Decision-making for older patients undergoing emergency laparotomy: defining patient and clinician values and priorities.

作者信息

Law J, Welch C, Javanmard-Emamghissi H, Clark M, Bisset C N, O'Neil P, Moug S J

机构信息

Blackpool Victoria Hospital, North West Deanery, UK.

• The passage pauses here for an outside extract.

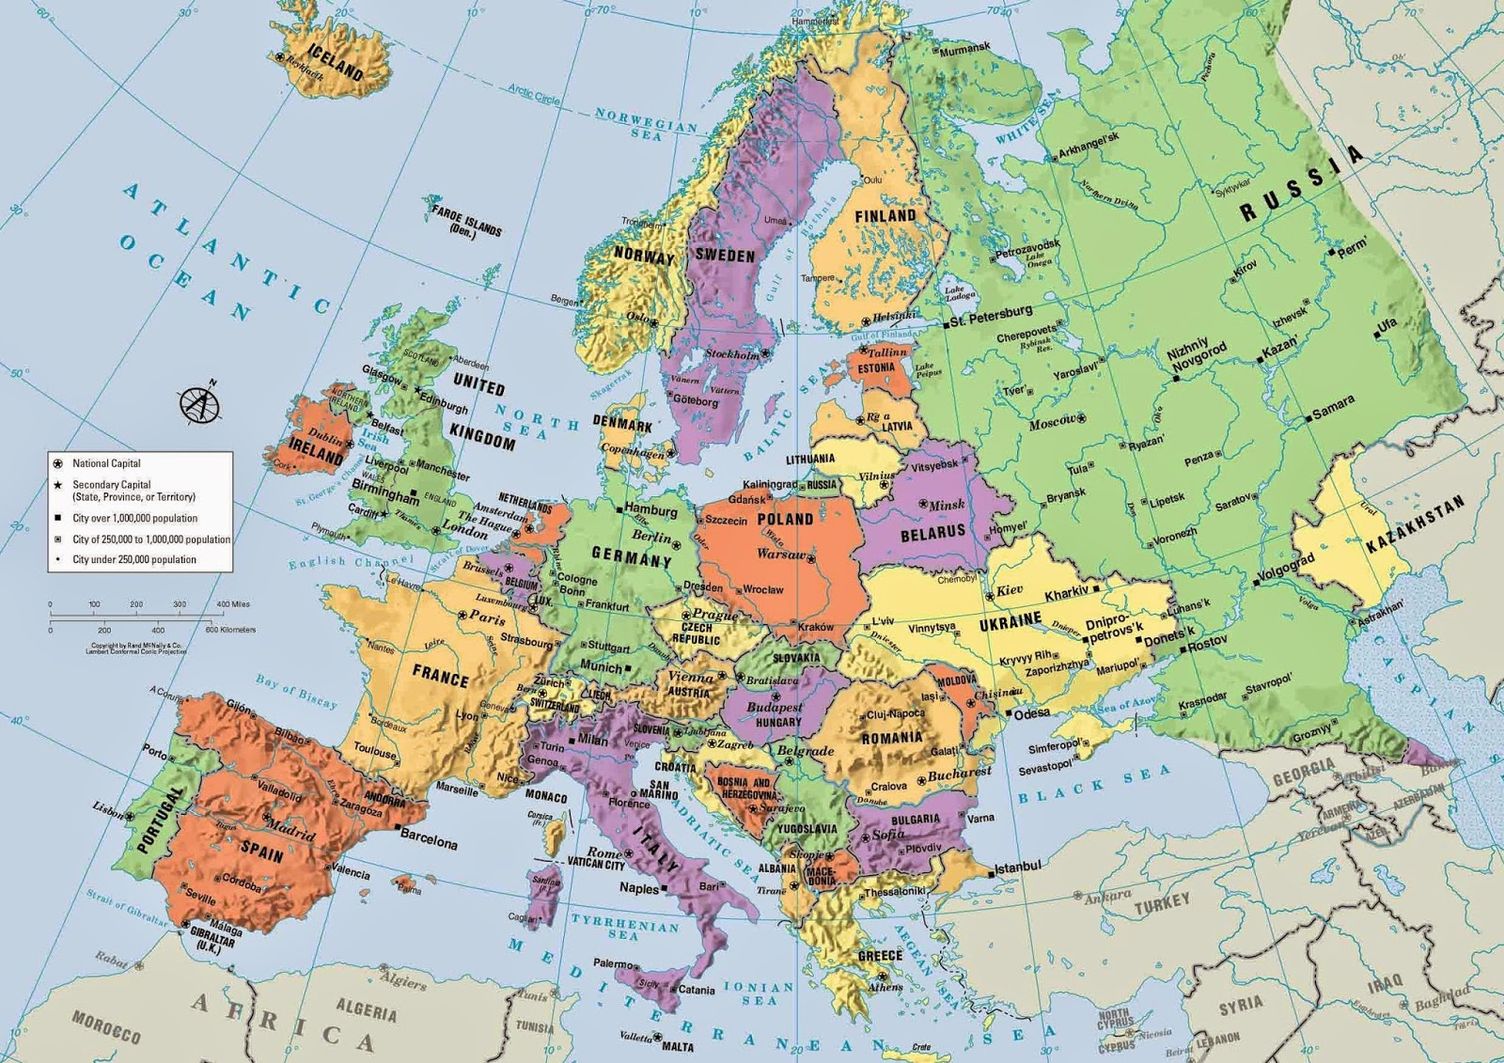 Карта европы и турции со странами крупно на русском

Geriatric Medicine, University of Birmingham,, Birmingham, UK.

出版信息

Colorectal Dis. 2020 Nov;22(11):1694-1703. doi: 10.1111/codi.15165. Epub 2020 Jun 21.

Abstract

AIM

There remains limited knowledge on what patients value and prioritize in their decision to undergo emergency laparotomy (ELap) and during their subsequent recovery. The aim of this study was to explore factors in decision-making and to reach a consensus amongst patients on the 10 most important priorities in decision-making in ELap.

METHODS

Patients aged over 65 years who had required an ELap decision within the preceding 12 months (regardless of management) were identified and invited to attend a modified Delphi process focus group.

RESULTS

A total of 20 participants attended: eight patients, four relatives and eight perioperative specialists. The perioperative specialists group defined 12 important factors for perioperative decision-making. The patient group agreed that only six (50%) of these factors were important: independence, postoperative complications, readmission to hospital, requirement for stoma formation, delirium (including long-term cognition) and presence of an advocate (such as a friend or family member). Open discussion refined multiple themes. Agreement was reached by patients and relatives about 10 factors that they valued as most important in their ELap patient journey: return to independence, realistic expectations, postoperative complications, what to expect postoperatively, readmission to hospital, nutrition, postoperative communication, stoma, follow-up and delirium.

CONCLUSION

Patients and clinicians have different values and priorities when discussing the risks and implications of undergoing ELap. Patients value quality of life outcomes, in particular, the formation of a stoma, returning to their own home and remaining independent. This work is the first to combine both perspectives to guide future ELap research outcomes.

摘要

目的

对于患者在决定接受急诊剖腹手术(ELap)及其后续恢复过程中所重视的内容和优先考虑的事项,我们了解有限。本研究的目的是探讨决策过程中的因素,并就急诊剖腹手术决策中最重要的10个优先事项在患者中达成共识。

方法

确定年龄在65岁以上、在过去12个月内需要做出急诊剖腹手术决策(无论治疗方式如何)的患者,并邀请他们参加一个经过改进的德尔菲法焦点小组。

结果

共有20名参与者参加:8名患者、4名亲属和8名围手术期专家。围手术期专家小组确定了围手术期决策的12个重要因素。患者组认为其中只有6个(50%)因素是重要的:独立性、术后并发症、再次入院、造口形成的必要性、谵妄(包括长期认知)以及有支持者(如朋友或家庭成员)。开放讨论提炼出多个主题。患者和亲属就他们认为在急诊剖腹手术患者过程中最重要的10个因素达成了一致:恢复独立、现实的期望、术后并发症、术后预期情况、再次入院、营养、术后沟通、造口、随访和谵妄。

结论

在讨论接受急诊剖腹手术的风险和影响时,患者和临床医生有不同的价值观和优先事项。患者重视生活质量结果,特别是造口的形成、回到自己家中并保持独立。这项工作首次结合了双方的观点,以指导未来急诊剖腹手术的研究结果。